If we do not take the chance that has been put before us with the legislation, we will miss the opportunity to send a message to those offenders who choose to act in this way and who watch with some glee when a light sentence is handed down, to the horror of victims and to those living in fear of having their home invaded, their possessions stolen or to potentially face violence in their homes where they should feel most secure.

The Conservative Party supports the principle of the bill which recognizes the public safety concerns that arise from such offences. The type of offence that is portrayed in the bill endangers people's lives. That is part of the entire equation. That is why the judiciary in some instances must be reminded of the important message of deterrence.

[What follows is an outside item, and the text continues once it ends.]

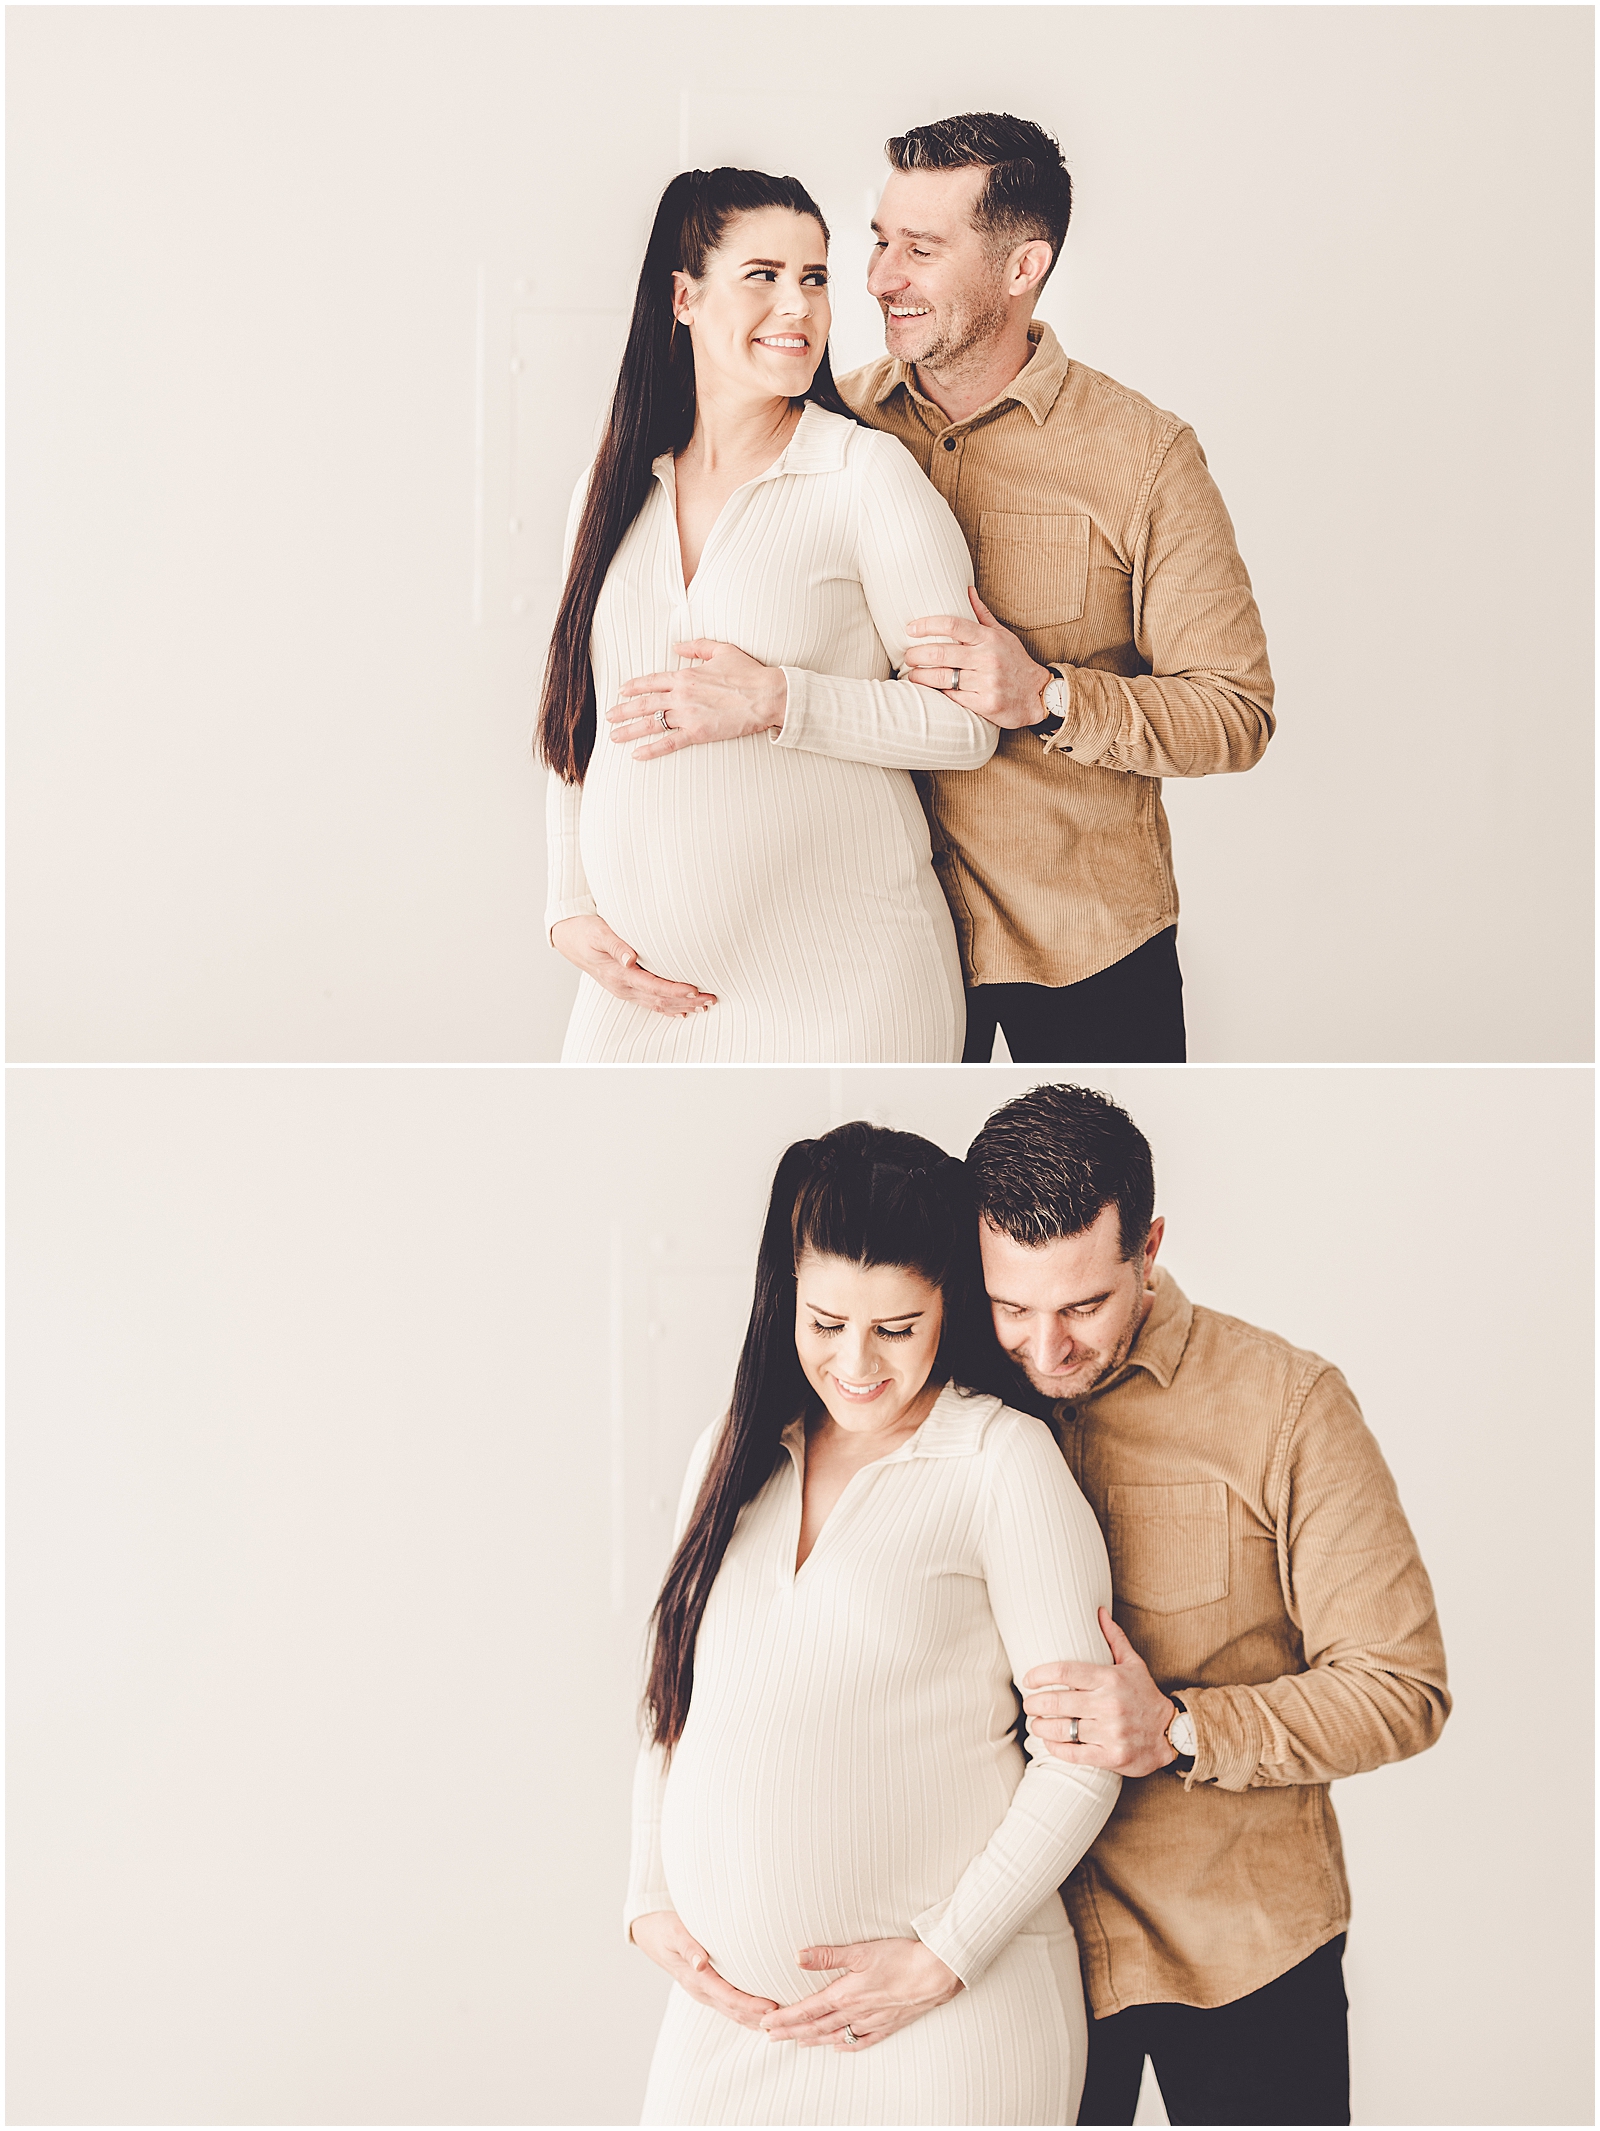 Family maternity photography session with the Benoit family at Kara Evans Photographer - Natural Light Studio Photographer in Kankakee, IL.

Home invasion is described as breaking and entering into a home when the invader either knows or ought to know that the dwelling is occupied. Currently such an offence is considered by judges to be an aggravating factor. This comes from Bill C-15 wherein it talks about it being an aggravating factor in cases stemming from break and enter, assault and drug related offences, depending on the particular case. Breaking into a home when the offender knows that the individual is at home is a penetrating statement of the obvious. That is an aggravating factor. What could be more aggravating and what could be more distressing to an individual?

The Liberal government's response to this issue has been nothing more than the typical Liberal legislative half measure to please everyone and to appear to be addressing the problem when the upshot of the legislation really falls far short of what it should be achieving.

Bill C-15, which was tabled in a previous parliament and is now back in its watered down form, does not really achieve that goal. It does not achieve the message of deterrence. It does not achieve the goal of sending a clear direction to the judiciary or to the general public that public safety has to take priority when it comes to this type of offence.

In light of public demand for this type of legislation, the federal Minister of Justice had an opportunity to send that message to those who invade homes and to those who put their own lives in jeopardy. In some sense this type of situation almost encourages vigilante justice because of the sheer frustration that exists on the part of those who have been victimized and those who see offenders constantly being treated leniently by the system. They are then left to feel that they have no recourse but to take the law into their own hands. Nobody wants to condone or encourage that but that is very much the sense that I get from talking to people who have been victims of this type of offence.

Bill C-15 had the potential to correct this anomaly and correct the impression that home invasion would be treated with a strong hand. It did not happen. There is a strong faction in the Liberal Party who would like to embrace the legislation and the ideal that we have to do more to deter those who choose to break and enter into people's homes.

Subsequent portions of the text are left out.